Author: David Woodhouse Date: To: W B Hacker CC: exim-dev, Ted Cooper Subject: Re: [exim-dev] Remote root vulnerability in Exim
On Fri, 2010-12-10 at 10:35 -0500, W B Hacker wrote: > That said - I am not sure THIS exploit actually puts the average system at risk.
>
> Surely we would have seen more real-world compromises over the many years?

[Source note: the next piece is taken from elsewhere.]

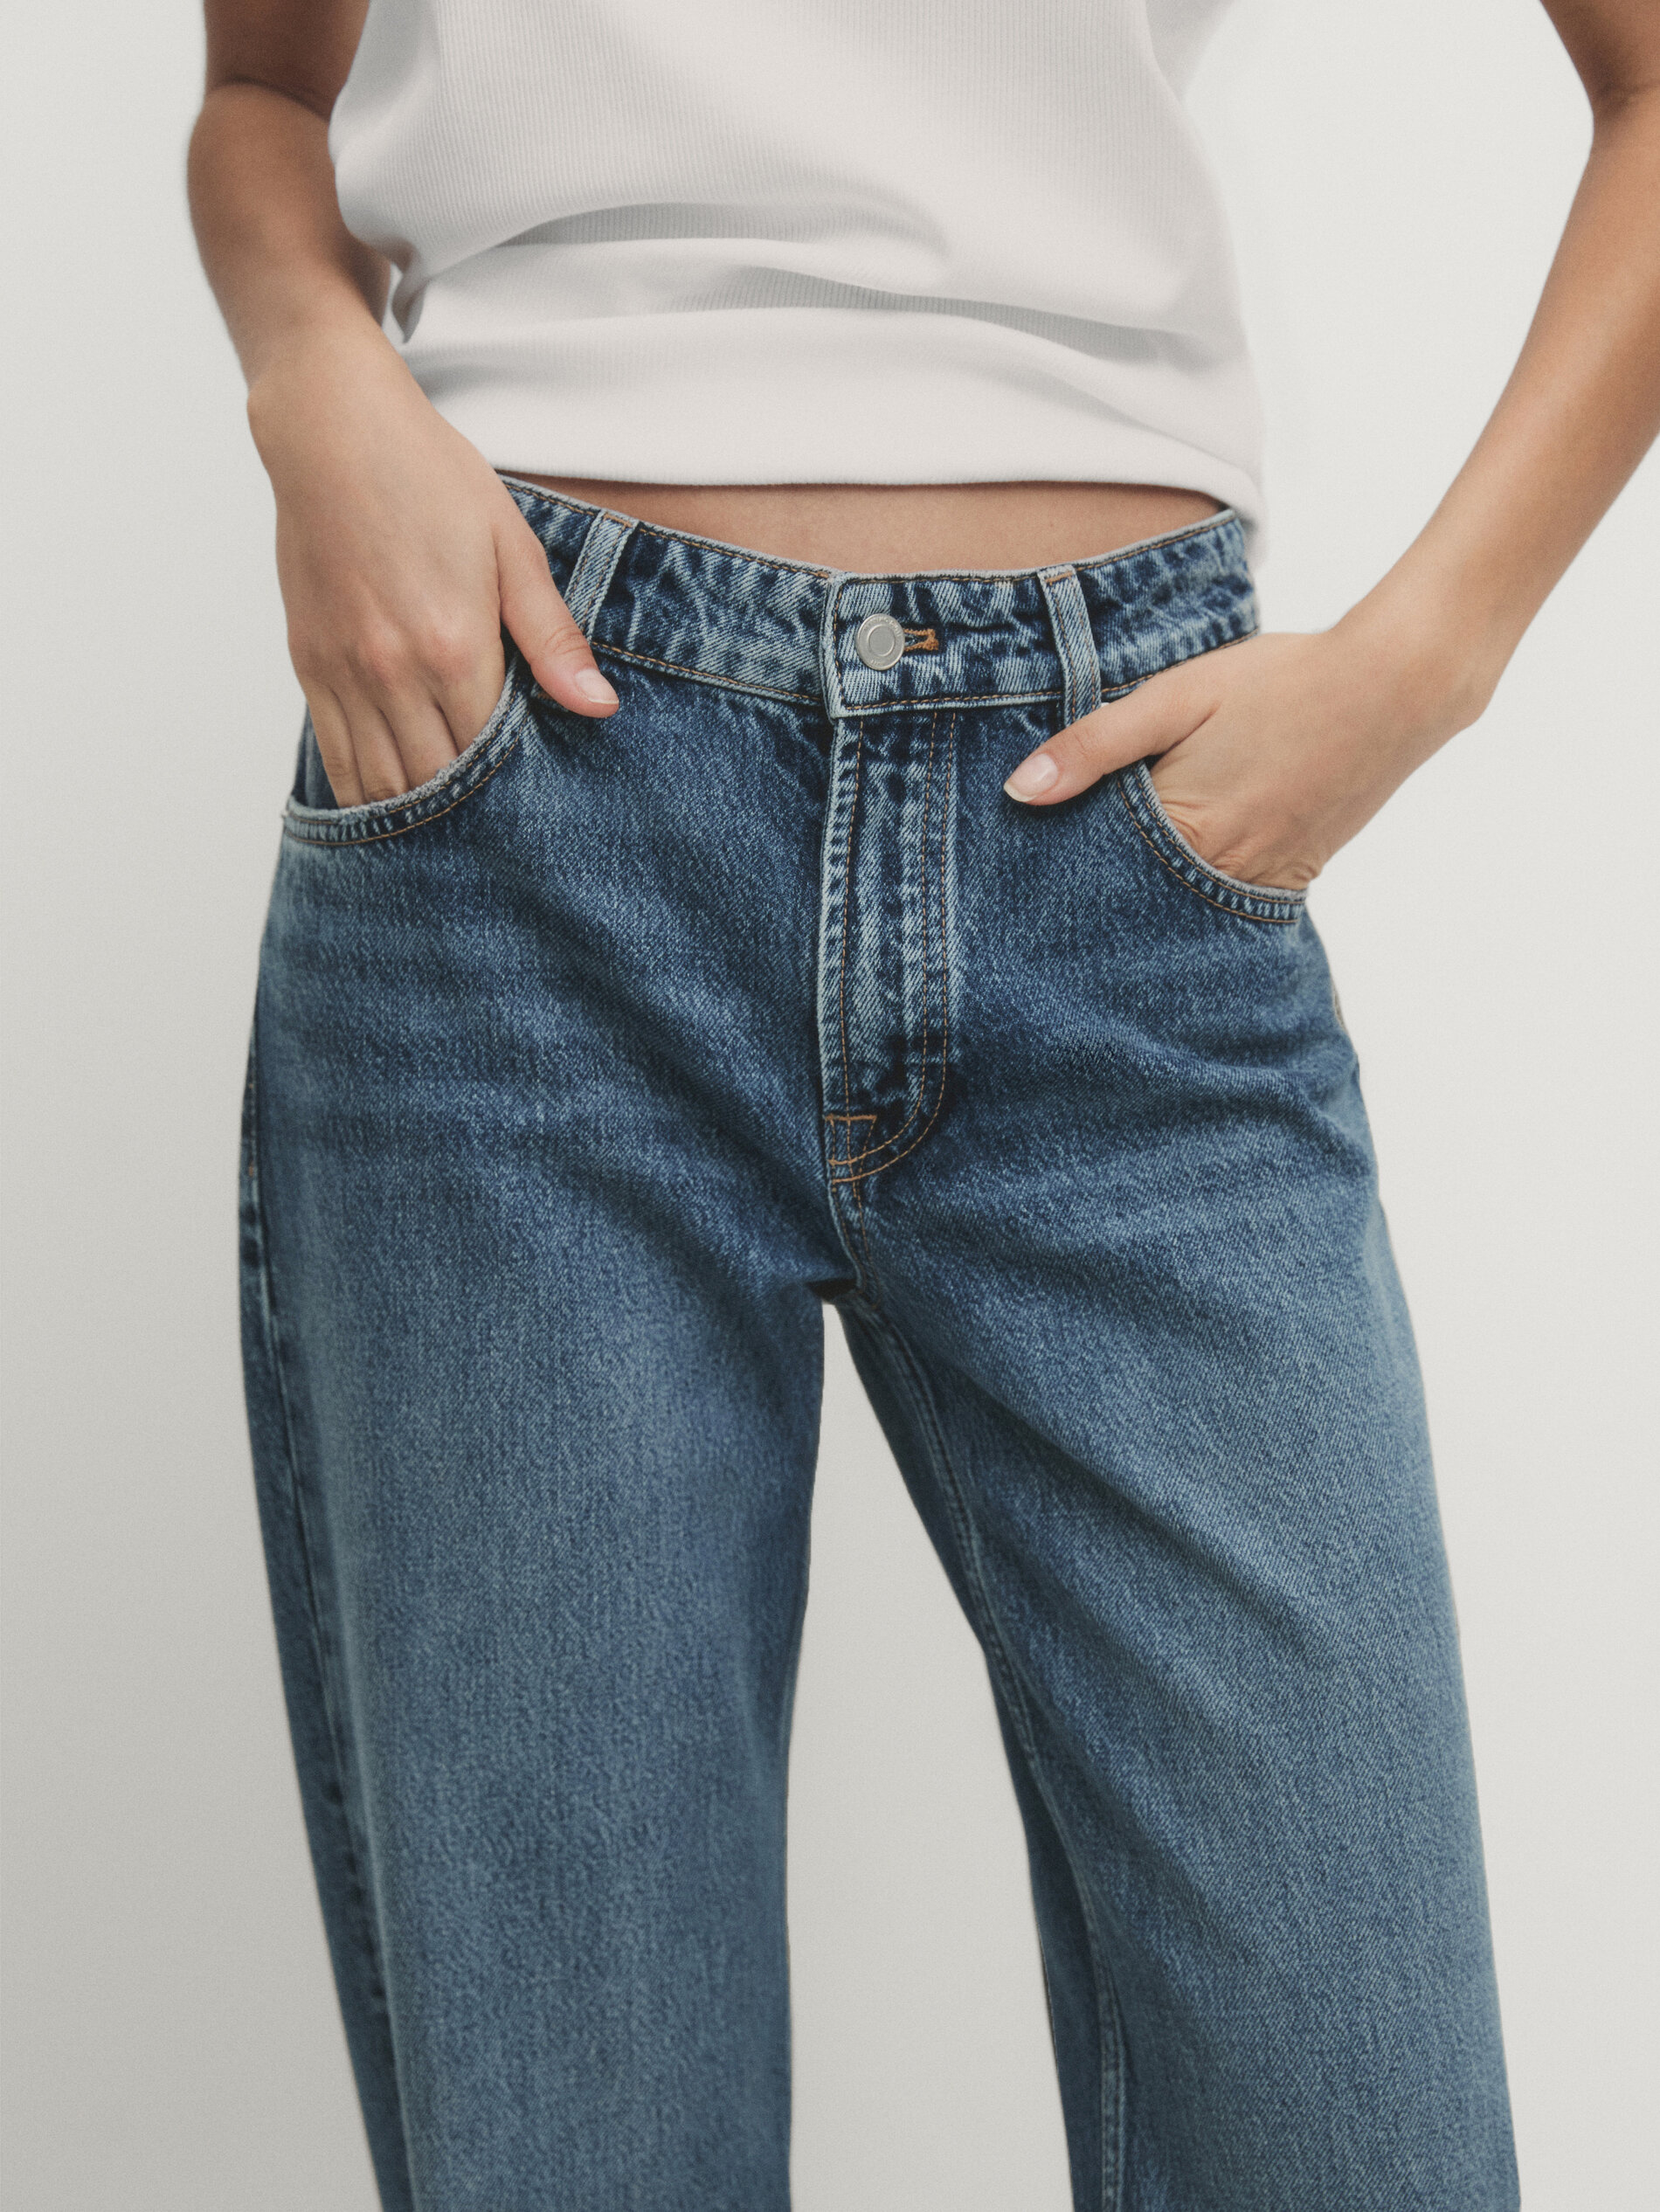 Jeans tiro bajo corte recto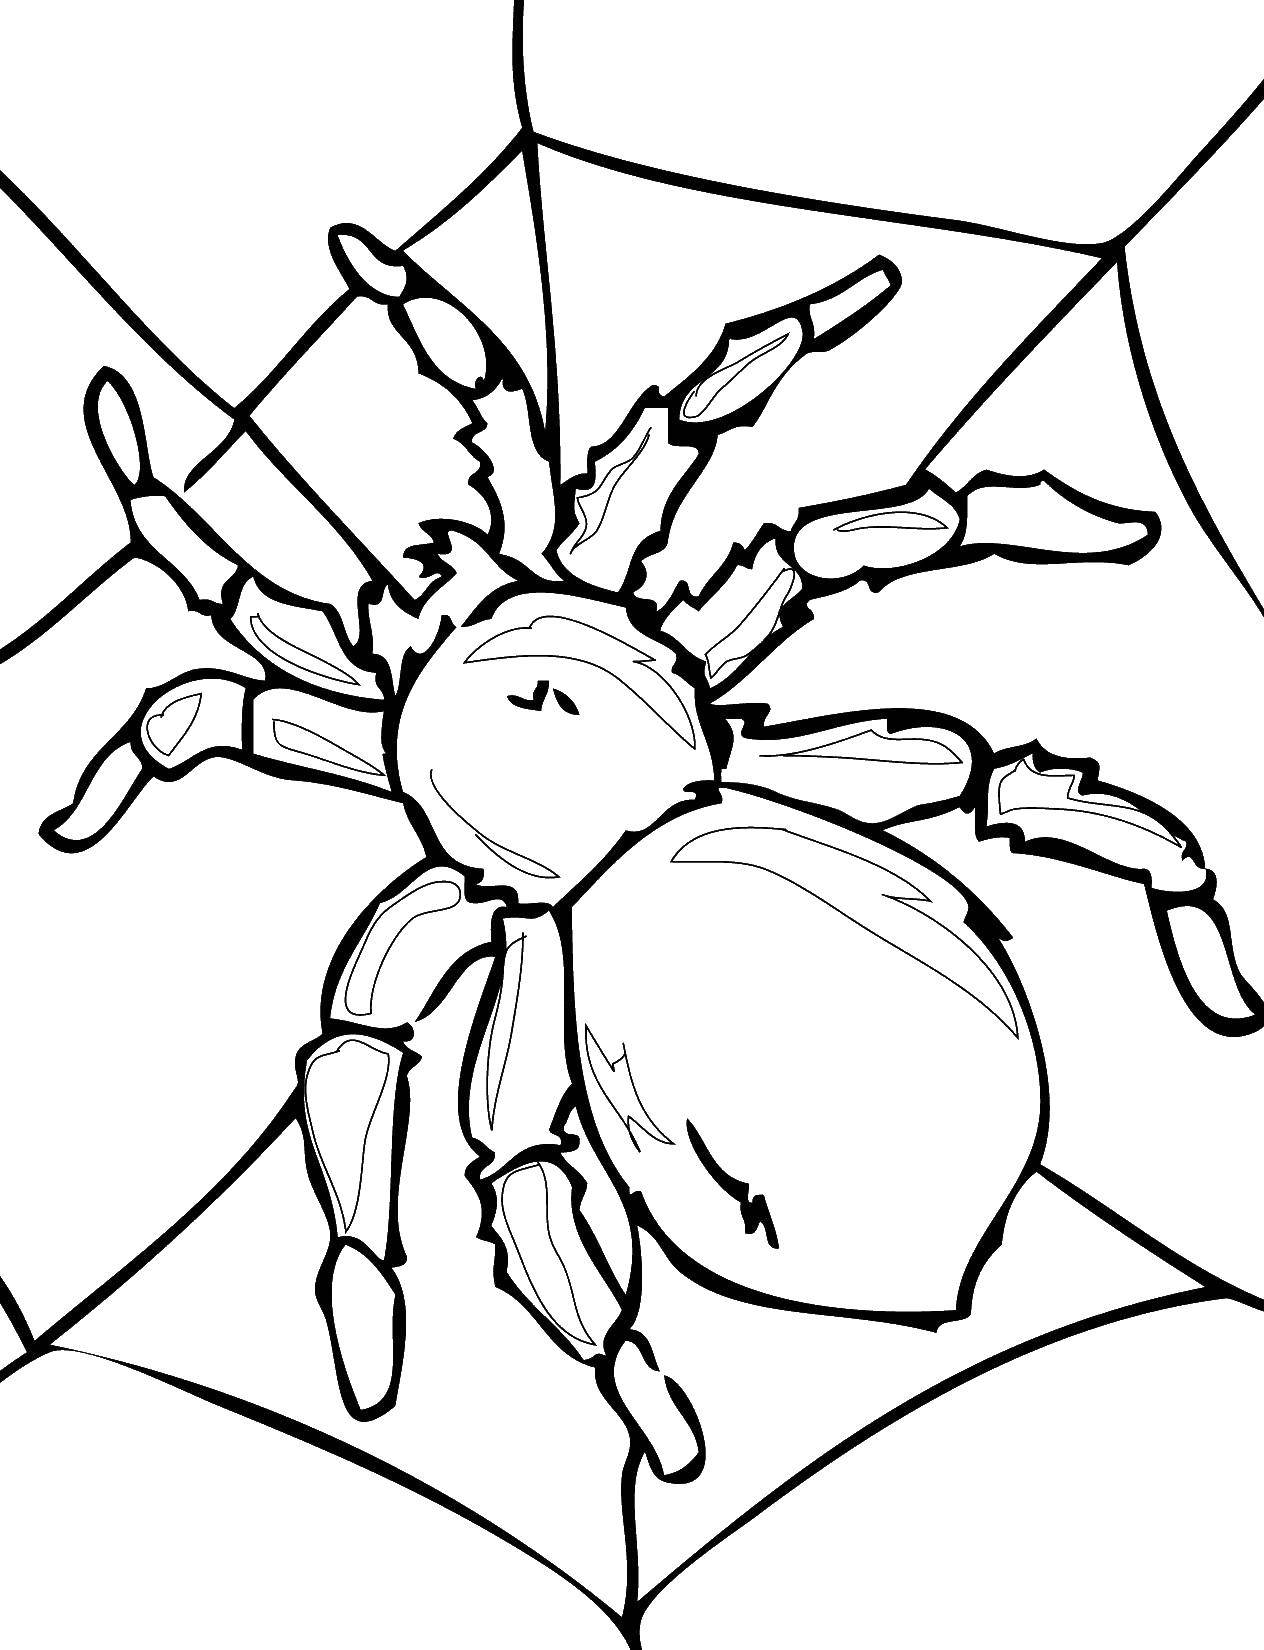   Большой паук на паутине

I wouldn't be so sure. It may have been there for ever, but ironically I
don't think it really became a *danger* until we fixed it. A commit
message saying 'Buffer overrun fix' is a bit of an open invitation to
come and play.
It is unfortunate that we fixed a buffer overflow, didn't think of it as
a potential security issue (which *all* buffer overflows are unless you
can prove otherwise), and then didn't even call it out in the 4.70
announcement.
(I don't intend that as criticism of the people involved; just want to
make sure we recognise the right thing to do in future).
In retrospect, we probably should have got a CVE assigned for it at the
time.
> Was the OP actually hit with this?
> Or did he *write* it? (no apologies, w/r servers, I am one paranoid MF!)
> And is the community now being enlisted to confirm it can work - and show how to
> refine it?
I don't think that's likely -- it had already worked by the time he
showed it to us, and we haven't refined it. We've just had to work out
for ourselves which bug it was triggering and how, but the person who
wrote the attack will have started off with the bug and developed the
exploit from that.
> [1] for several reasons - throttled bandwidth, per-IP connection limit, limited
> total connections, rDNS hard-fail, and finally defer if the deliberately limited
> pool of PostgreSQL connections is used up.
None of those protect you against this. It only needs *one* connection.
And it doesn't even *need* to send you 50MiB of data; any post-DATA
rejection would suffice. It's just that a 50MiB mail is a fairly good
bet for rejection. The EICAR test virus would be another reasonable bet.